Durante veinte años fui tan traslúcido que cuando me veían sin caniche pensaban que es que lo había olvidado en la cochera. Y ni una queja, oiga, respetuosos con las necesidades de introspección productiva de cada cual, como está mandado. Certifico que si bien todos ellos pudieran parecer sospechosos de algo, es de lo buena gente que eran.
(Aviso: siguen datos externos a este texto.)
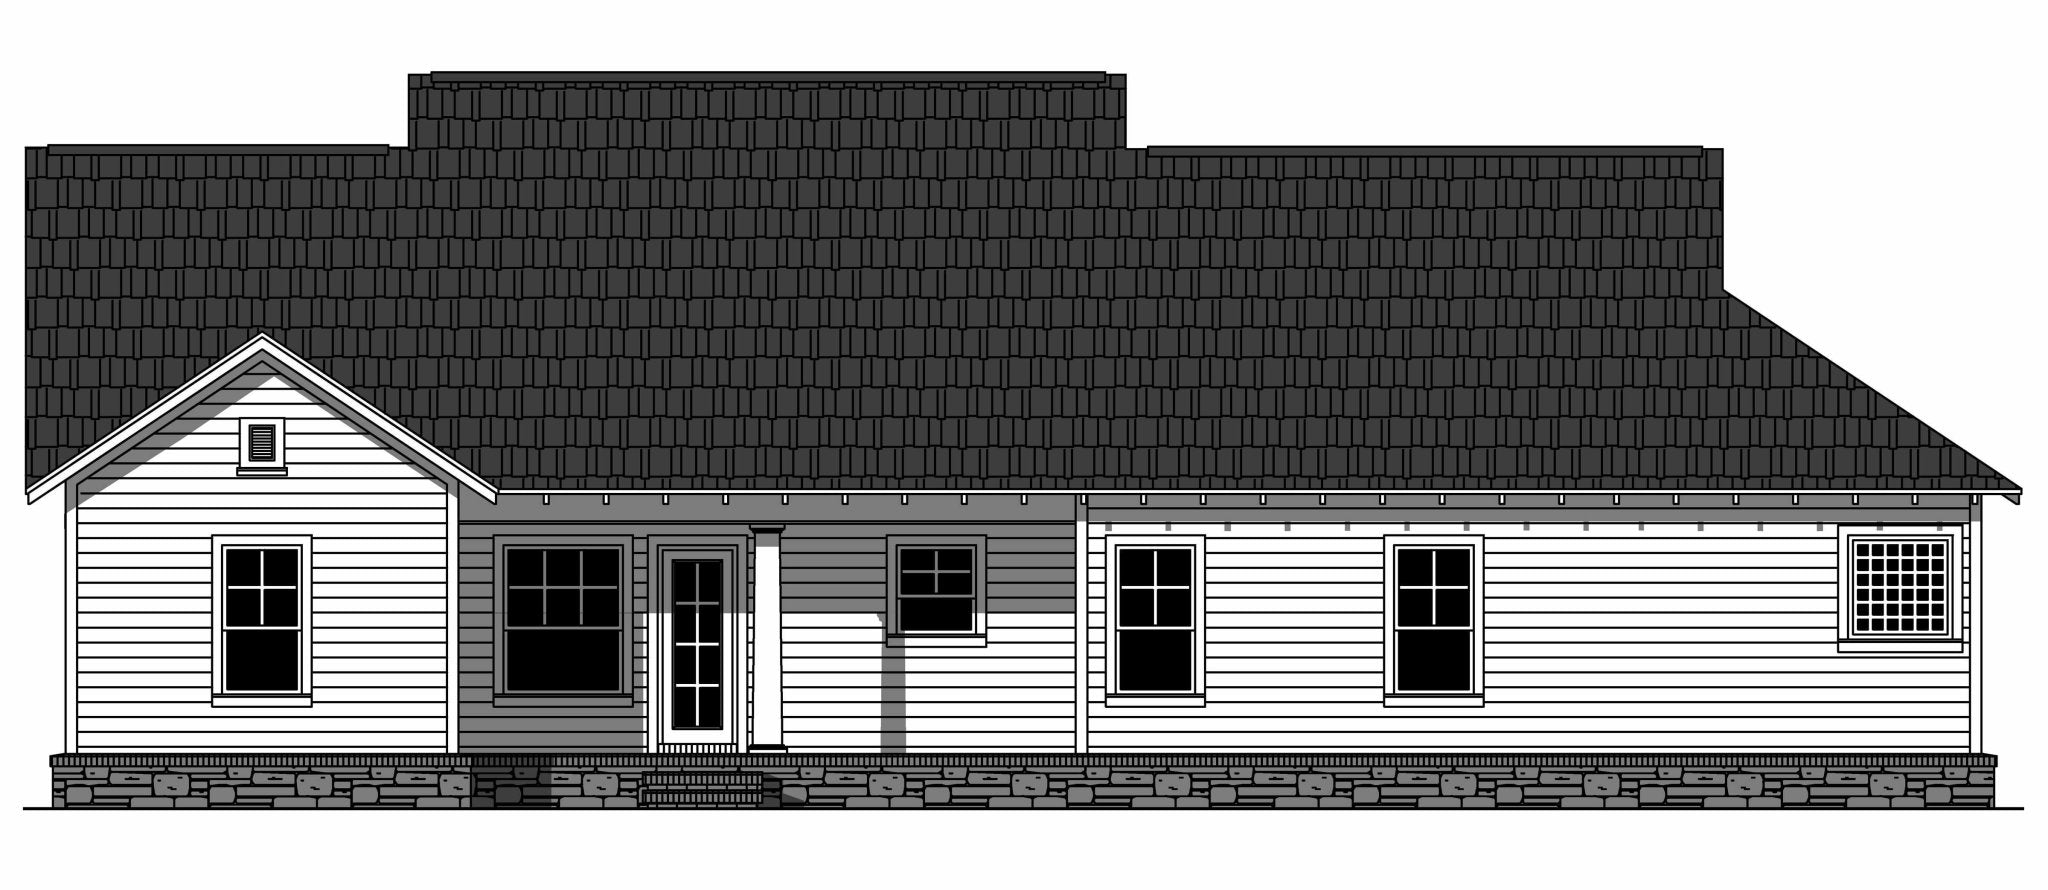 HPG-1876B-1: Paxton Road - House Plan Gallery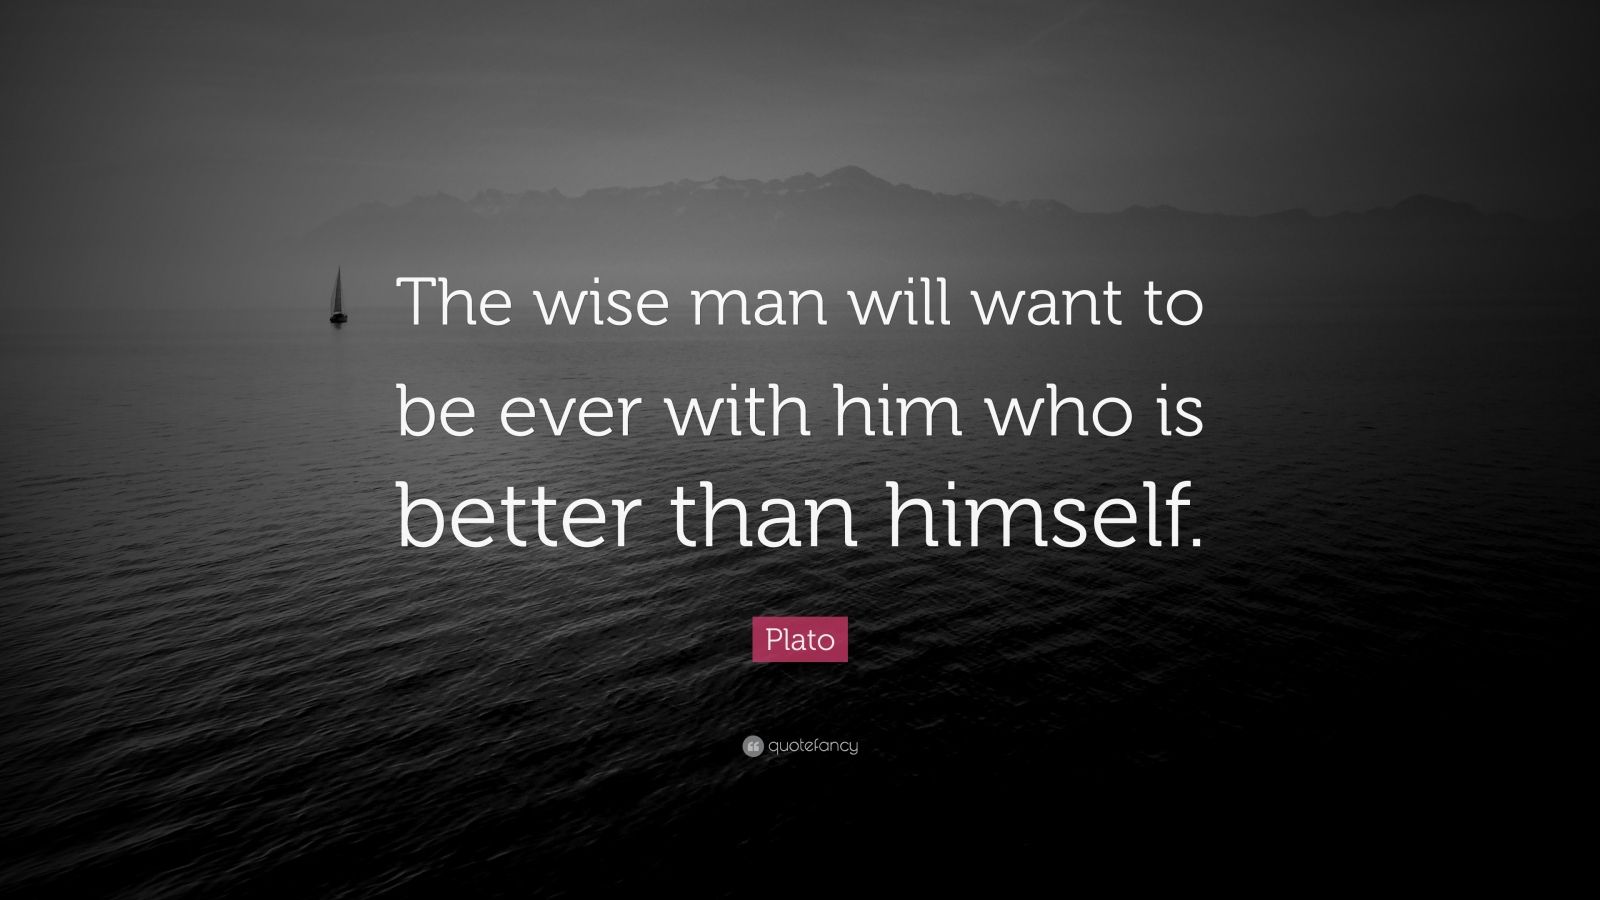 53859-Plato-Quote-The-wise-man-will-want-to-be-ever-with-him-who-is.jpg

No obstante, antes de comprar temí a los ascensores y su peligrosa promiscuidad oral sobre el tiempo, las ofertas y otros temas desagradables. Pero al ser adosados en planta baja no había peligro. De forma que toda mi estancia aquí ha sido una energización biológica interrumpida tan sólo por algún grito de crianza. Pero eso fue al principio. Ahora todo es gente que se agota en soledad, excepto los días en que se aburren en grupo y se arrojan sus silencios plausibles, alguna voz intempestiva y los domingos, salchichas, para atravesar los auriculares.
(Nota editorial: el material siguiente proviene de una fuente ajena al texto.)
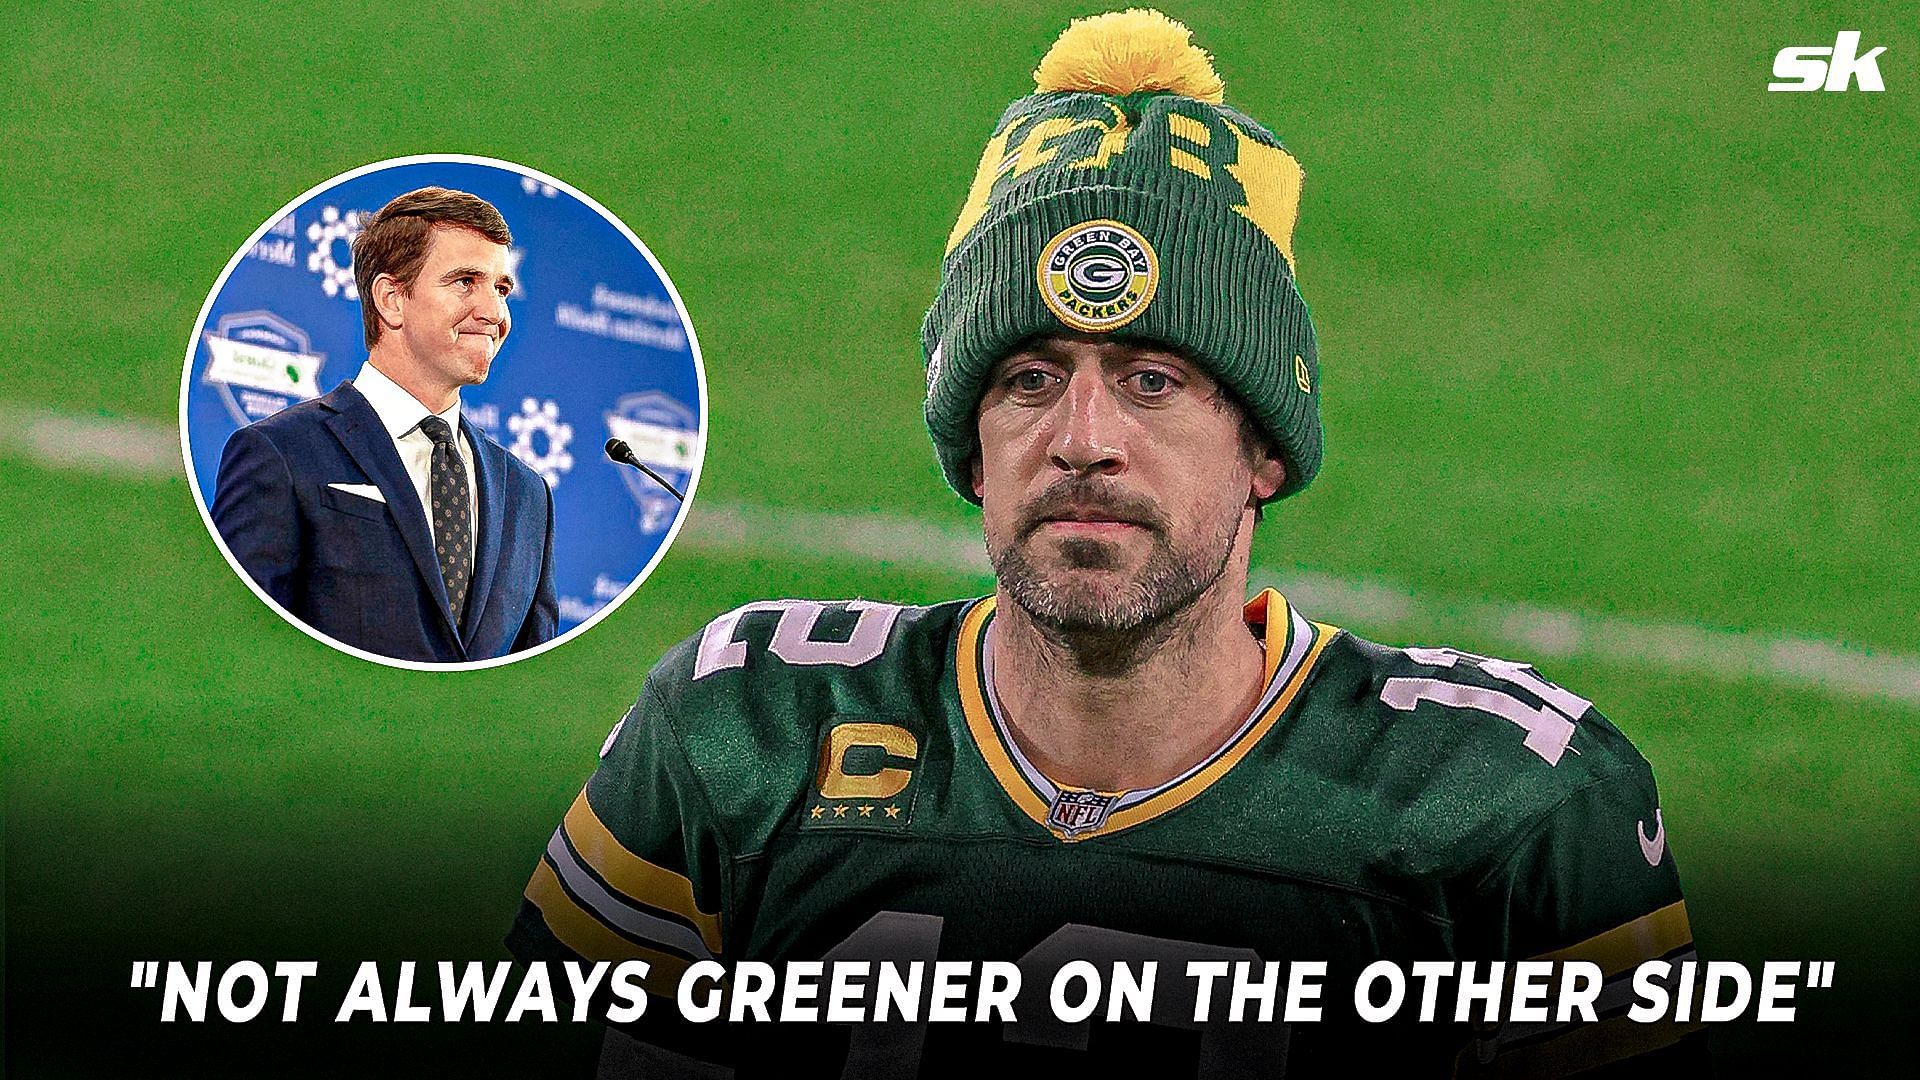 Enter caption Eli Manning&#039;s advice to Aaron Rodgers

 Nadie me estorba, pues, aquende la celosía de las ventanas. Hurgo en la existencia armónica de la vida e ignoro a mis, mis..., lo que sean, pues no recuerdo su apelativo ni sus palabras. Sólo en parte las mías, con las que he conseguido a ratos ser más grácil, en ese orden vectorial que es el universo, y hasta más esbelto, lo que me ha permitido integrarme en esa dinámica fría que es la dicha, pues todos estamos en los demás y ellos en uno, por desgracia. Eso sí, no hay necesidad de revolver. El secreto es dejar hacer a las moléculas. Y, eso sí, tomar las debidas precauciones, porque no sabes nunca con quien te puedes encontrar en ese proceso de autoconstrucción.
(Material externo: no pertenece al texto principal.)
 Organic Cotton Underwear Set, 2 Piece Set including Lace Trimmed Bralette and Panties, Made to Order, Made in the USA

Por todo lo cual, este eximio traidor de sí, integrado y abandonado a la vez, al perdonar a todos se perdona. Y a usted el primero, porque, como todo juez, ha de ser exonerado para ejercer la justicia. Le evito así esa carga que es su responsabilidad incompartida y pongo a su alcance este solipsismo que, como dijo el otro, es algo que no sucede todos los días y con el que espero que consiga una felicidad tan inmarcesible como la mía. Por tanto, salud y un abrazo universal. Y teleférico."